# Paranoia



## gertvanjoe (24/2/16)

Ok let me start of by saying I'm not the one. Actually I can't be bothered .

But I need some advice. Recently got a new tenant which is paranoid like hell. Now they saw somepeople outside early one morning ( well the dogs did go crazy so it sound legit ) now they go on like reccies analyzing each broken twick and claiming fence jumps through a scrub that the fence has been looking the same since I moved in 2 years back ( my bad should have prolly fixed it already ) 

Now the question : How can I tell them to zip it without sounding rude. It's annoying to me and it's starting to affect my wife's sleep


----------



## blujeenz (24/2/16)

It all began when power shedding was in full swing and having some solar standby power attracted certain individuals that find petrol generators irresistable, apparently having lights on when the rest of the street is dark attracts all kinds of night goggas.
I've had the midnite "kangaroos" wall jumping at my place, but I've got a lot of bare sand patches which I rake with a tree brach, garden rake style furrows would be too obvious.
Then a simple perimeter check from the windows serves as a quick recci, that and strategic bit of plastic in the garden gate lock.(falls onto the ground when said gate opened)
Pays to be watchful, hooking up the external metal door parts with an electric fence module is also seems to dissuade the klepto kangaroos from lock hacking/fiddling activities. 

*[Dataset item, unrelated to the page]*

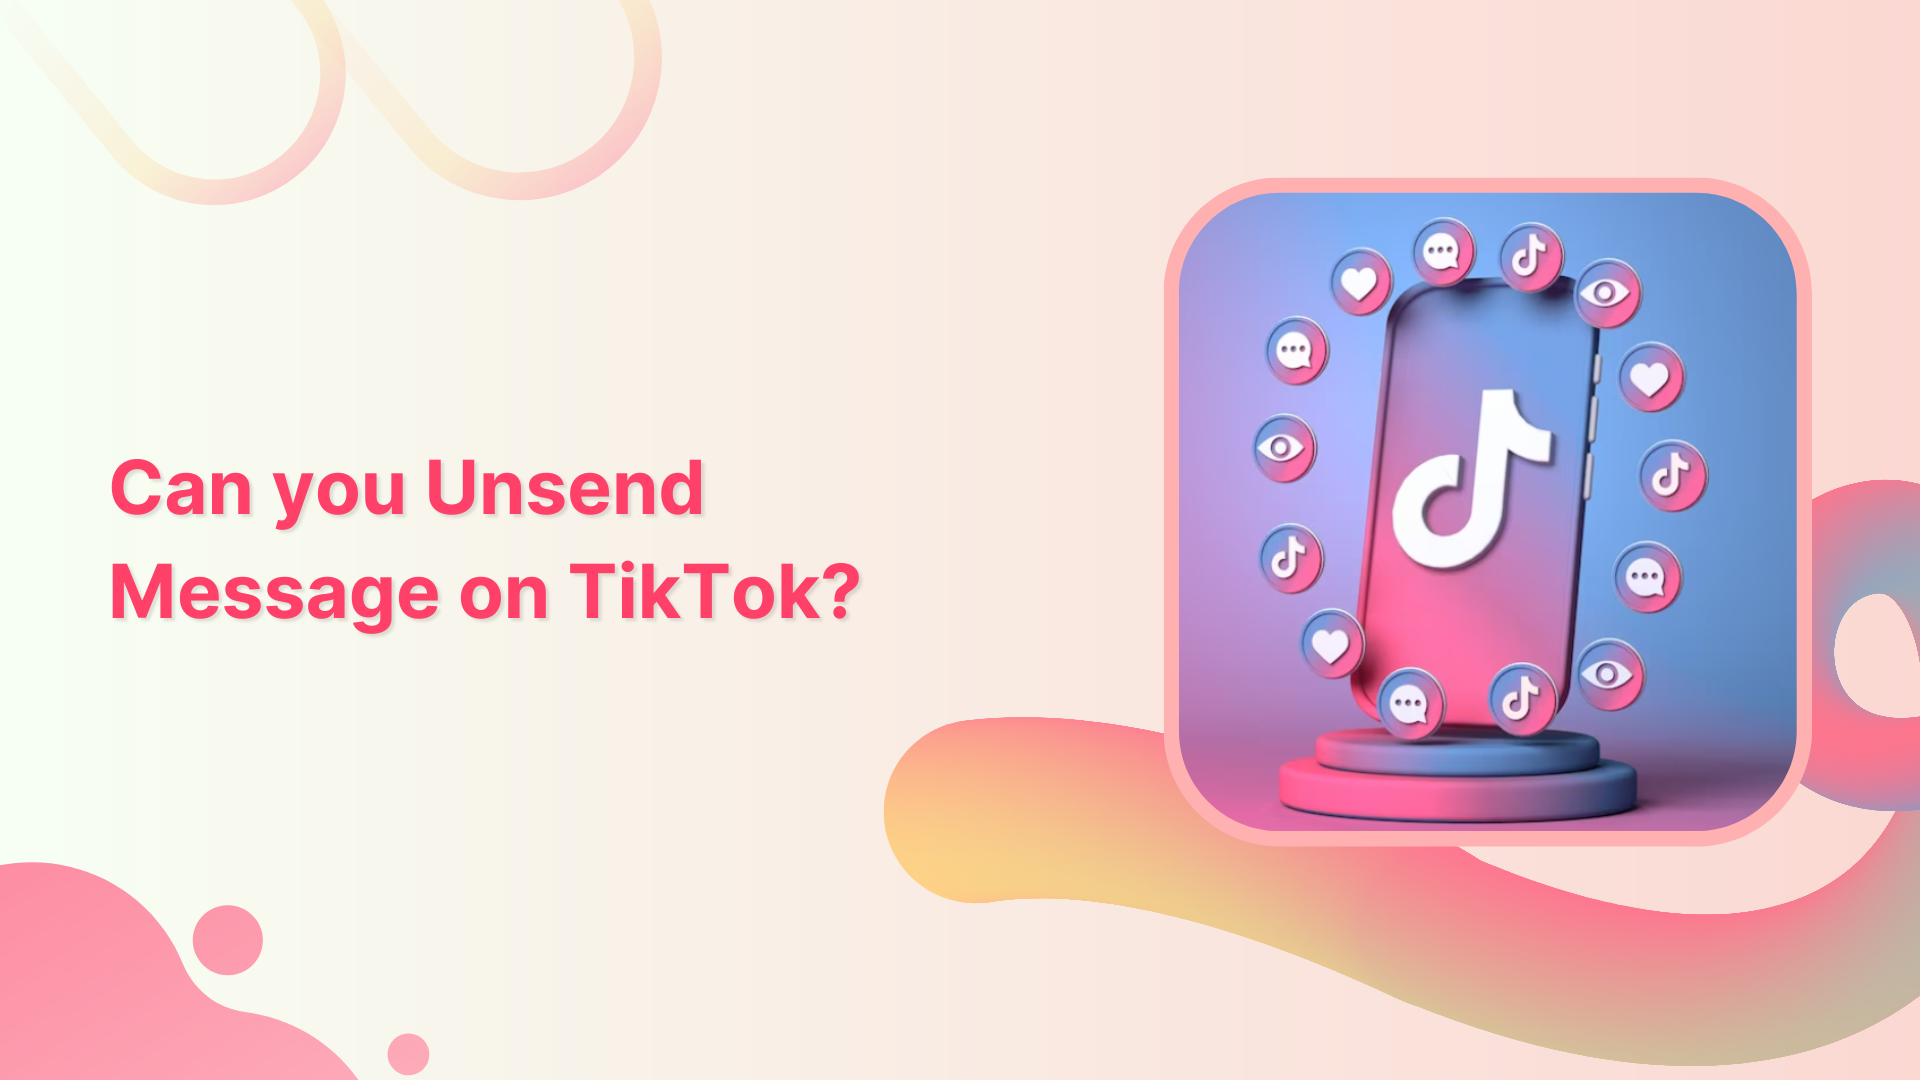 can you unsend message on TikTok

Said kangaroos have made off with a bicycle, weedeater and electric wood plane, so quite a handy lot on the home front side I guess.

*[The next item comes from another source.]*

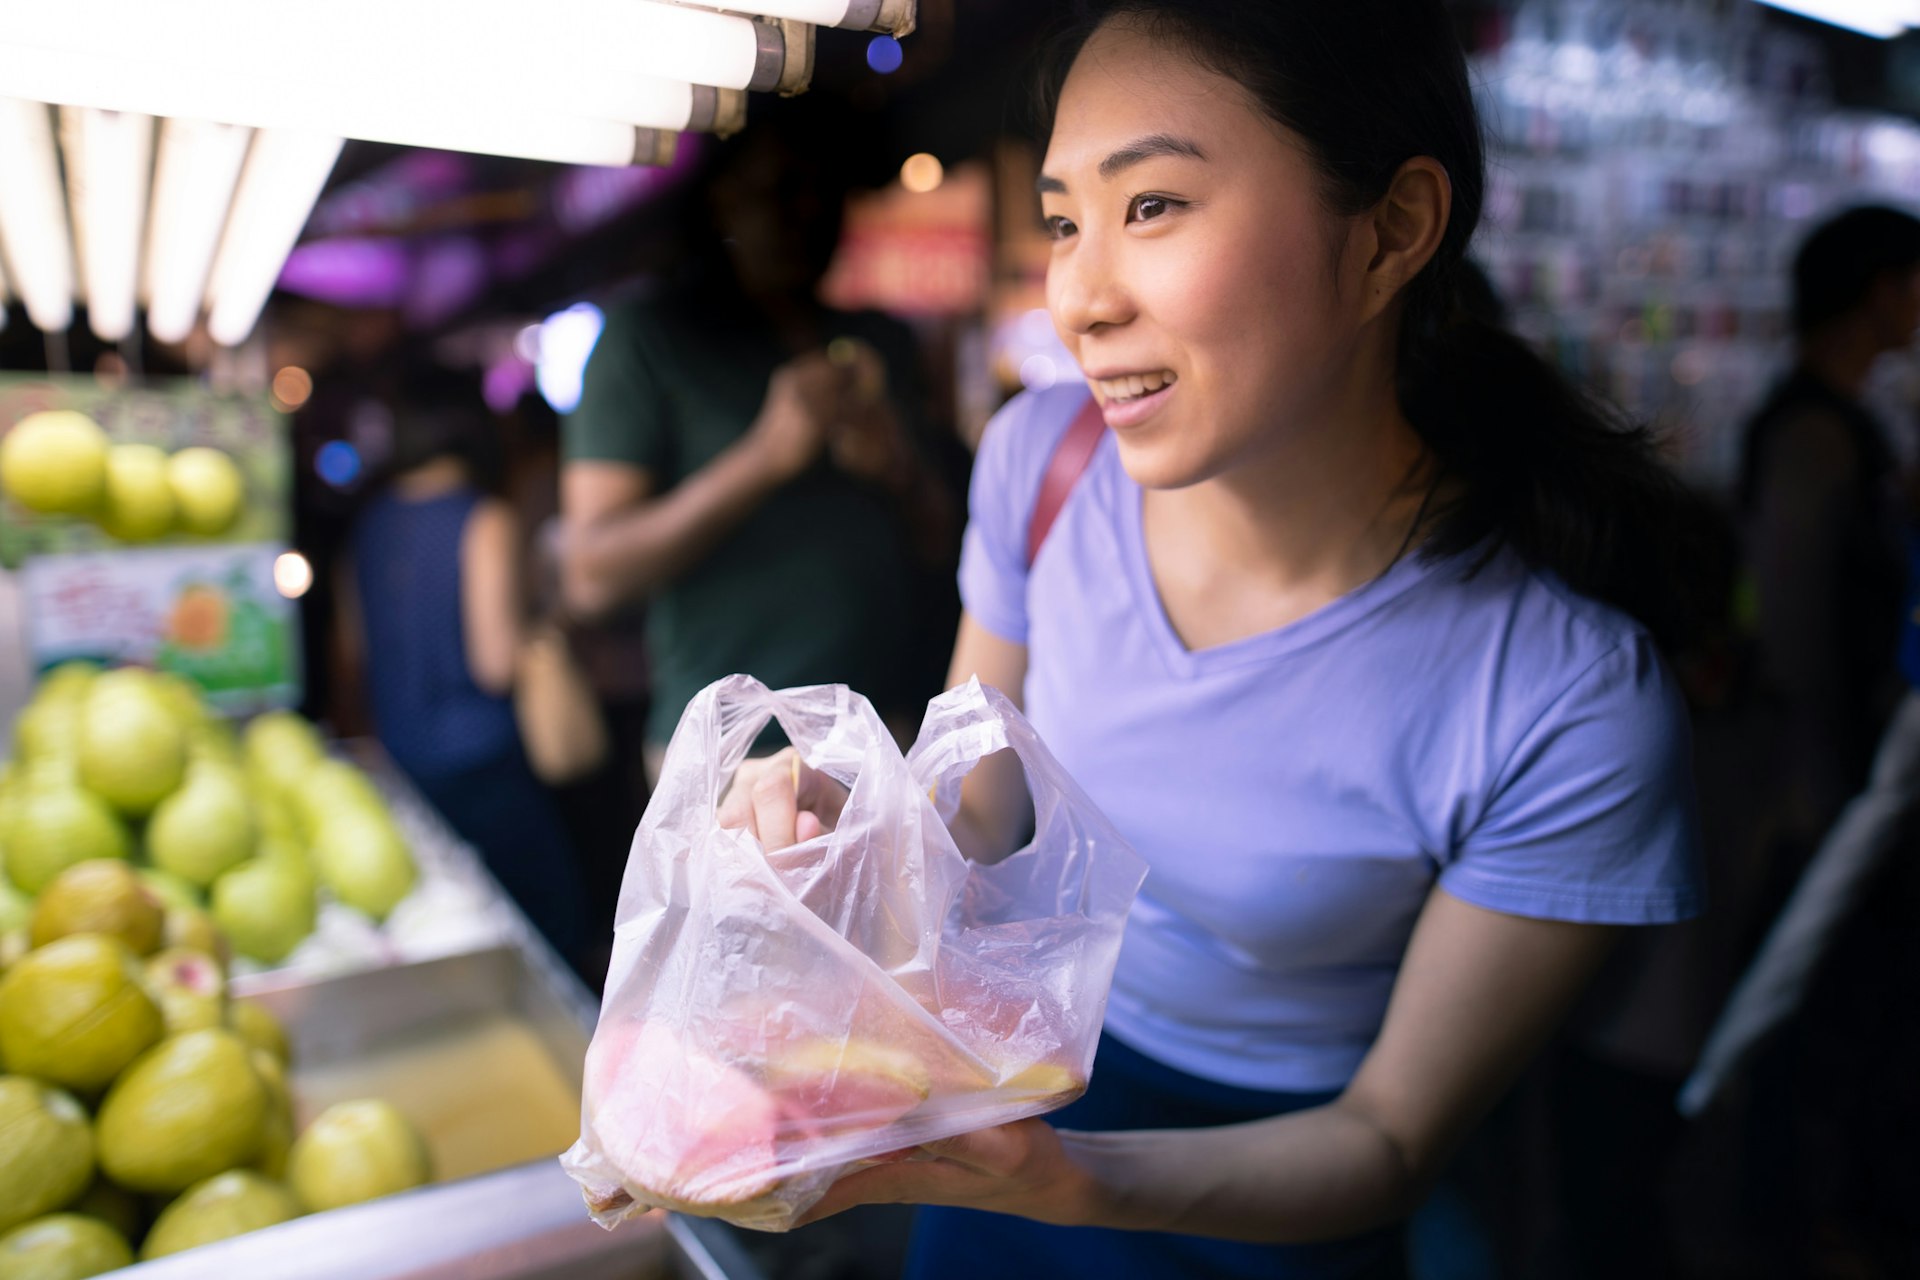 A smiling woman buys guava fruit at a street market, Taiwan

Yeah, I probably wasnt much help with your original dilemma.

Reactions: Funny 2


----------



## zadiac (25/2/16)

You must make yourself something like this:







And put it next to your fence. The fence jumping will stop. 
It's not illegal and you can say you put it there to keep dogs out of your garden


----------



## shaunnadan (25/2/16)

zadiac said:


> You must make yourself something like this:
> 
> 
> 
> ...




my luck i would forget its there and impale myself !

Reactions: Funny 1


----------



## blujeenz (25/2/16)

shaunnadan said:


> my luck i would forget its there and impale myself !


Are you referring to your foot? or do you have a habit of belly flopping in the flower beds?

Reactions: Winner 1


----------



## shaunnadan (25/2/16)

blujeenz said:


> Are you referring to your foot? or do you have a habit of belly flopping in the flower beds?



Most prob my foot, but you never know.... New gardening methods

Reactions: Funny 2


----------